In this context, Agriculture Minister Simon Coveney said the days of relying on CAP and other European interventionist market measures was a thing of the past. Farmers, he said, are likely to be required to become more and more independently funded in the years ahead. In terms of managing volatility, this will mean that dairy farmers who want milk price stability will have to sign up to price hedging mechanisms offered by private sector financial institutions.
CIT lecturer Dr Declan O’Connor said: “The Department of Agriculture has made it clear that we can no longer rely on the tools that existed in the past.
“In future, EU market support tools will only be used purely for crisis management. There is an education deficit about the markets. These markets need to be supported or they will wither and die.
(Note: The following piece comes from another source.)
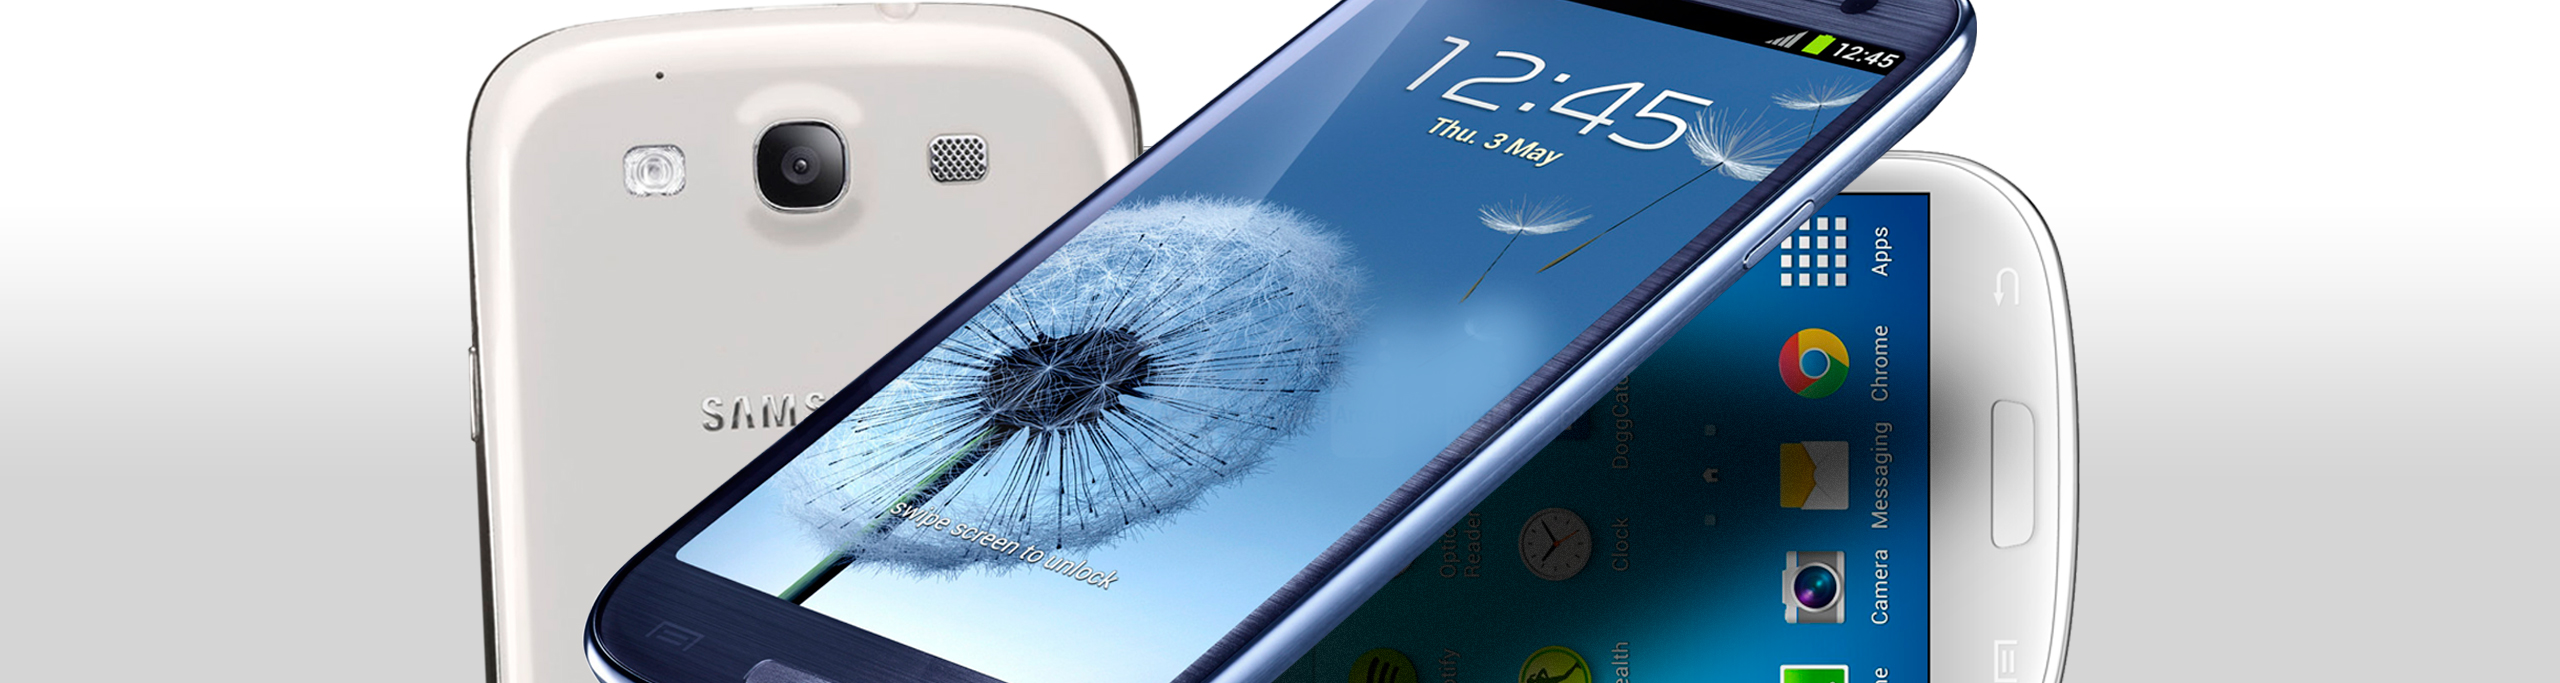 S3 4G (i9305)

“Another big issue is the long production cycle in dairy, the relationship between the farmer’s initial cost inputs and the dairy product making its way onto a consumer’s plate. It can take up to 18 months for the farm product to be turned into cash. We will also have to look at another way to manage the milk price.”
Other speakers at yesterday’s conference included Professor Andrew Novakovic of Cornell University, US; Charlie Hyland of US financier FC Stone; David Zaslavsky of Mead Johnson Nutrition; Teagasc director Professor Gerry Boyle, and Teagasc analysts Dr Kevin Hanrahan and Trevor Donnellan.